Не расстреляют — кто ж послушается какого-то старого тюремного стражника Ливия Марцелла?
— Я - гладиатор!..
А то Ливий гладиаторов никогда не видел! Это ты — провинциал, в амфитеатре не бывавший. А Марцелл в Сантэе родился. В гладиаторы берут сильных, ловких красавцев.

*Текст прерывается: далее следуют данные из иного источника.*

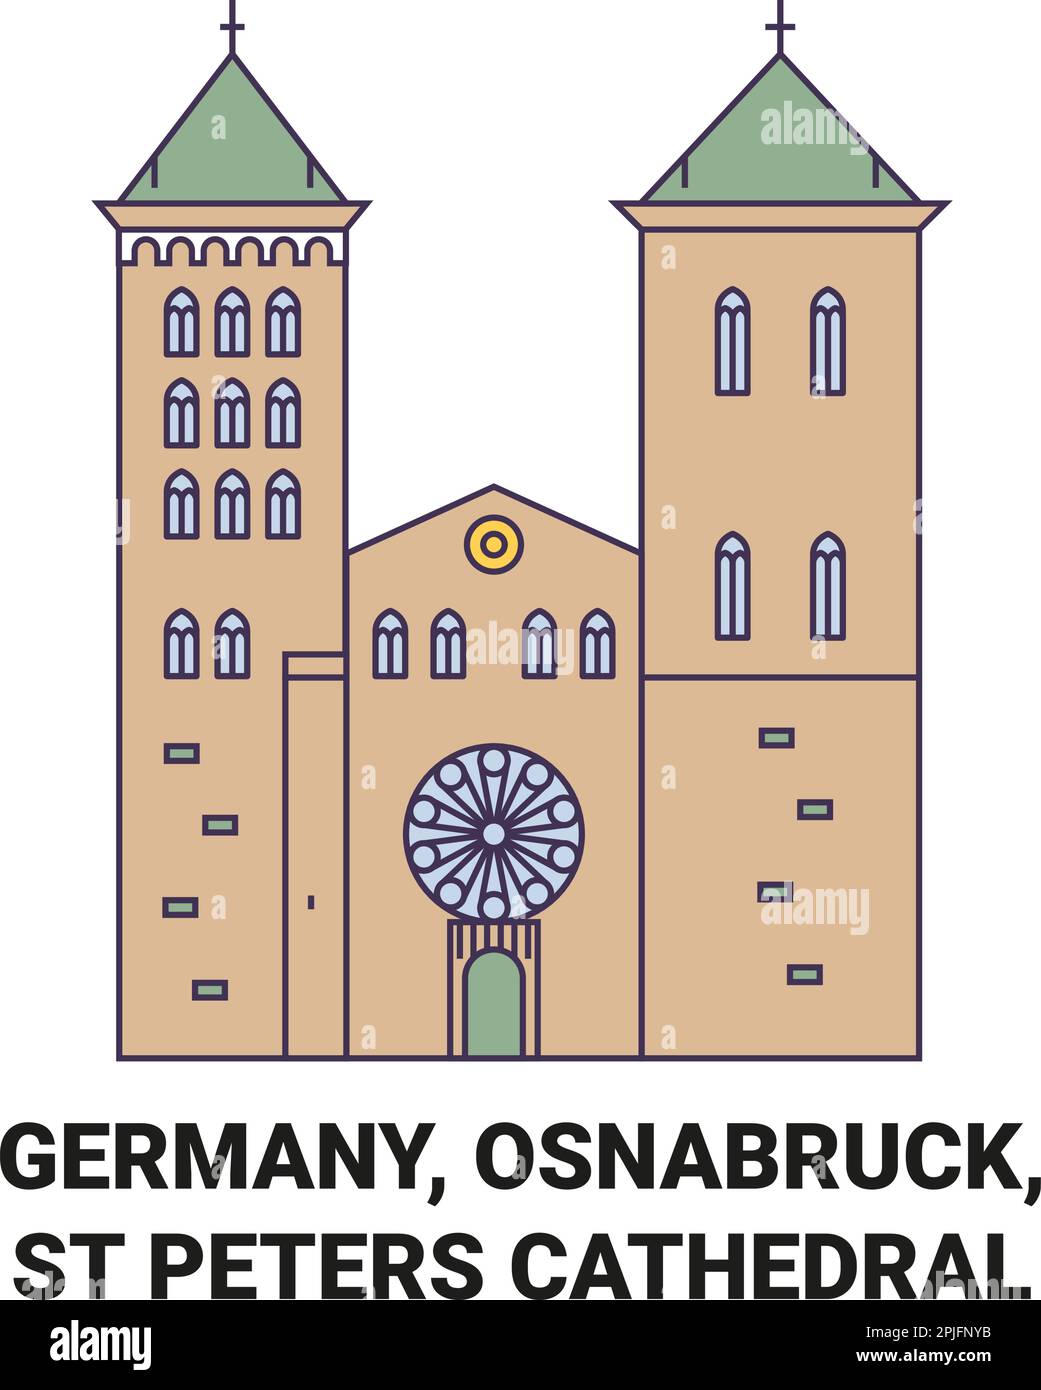 Allemagne, Osnabruck,St Peters Cathédrale voyage illustration vecteur Illustration de Vecteur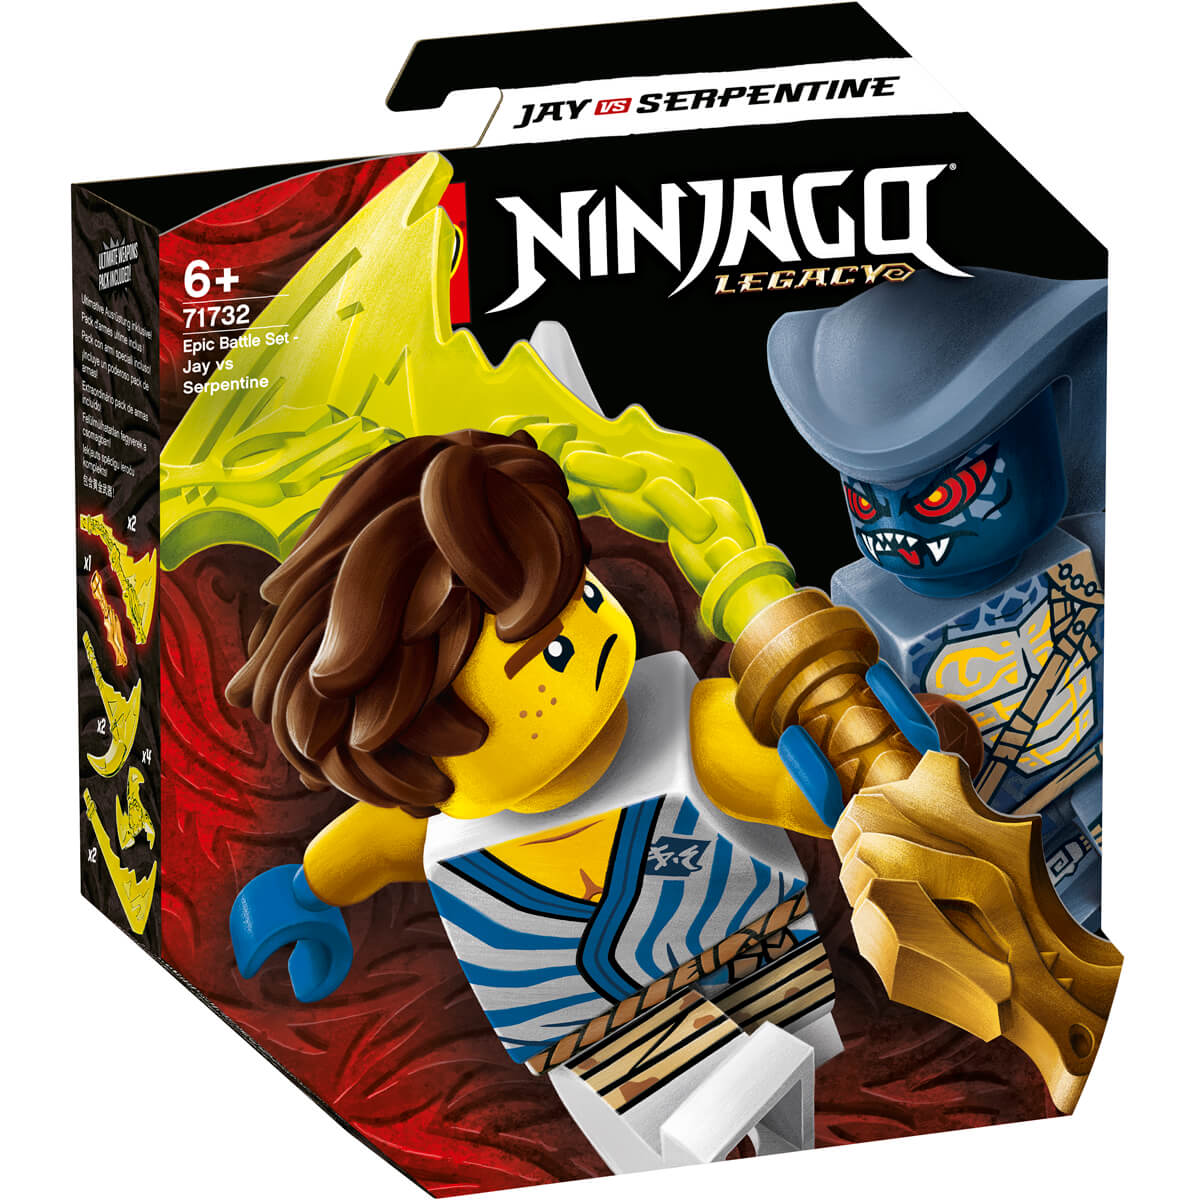 ΠΑΙΔΙ | Παιχνίδια | LEGO | NINJAGO 71732 Epic Battle Set - Jay Vs. Serpentine

Что этому-то сопляку там делать — с его хилой мускулатурой?
И потом — гладиаторы не шатаются без дела по рынку рабов. И не ввязываются в уличные драки. Они вообще поодиночке не ходят. Потому как — чужаки.
А кто свои — мало ли, почему судьба вынудила, — те в увольнительные сразу домой. К семье.
А этот… тонкая кость, правильное лицо. Небось папаша с мамашей — промотавшиеся всадники, а сынок уже — голоштанный бродяга.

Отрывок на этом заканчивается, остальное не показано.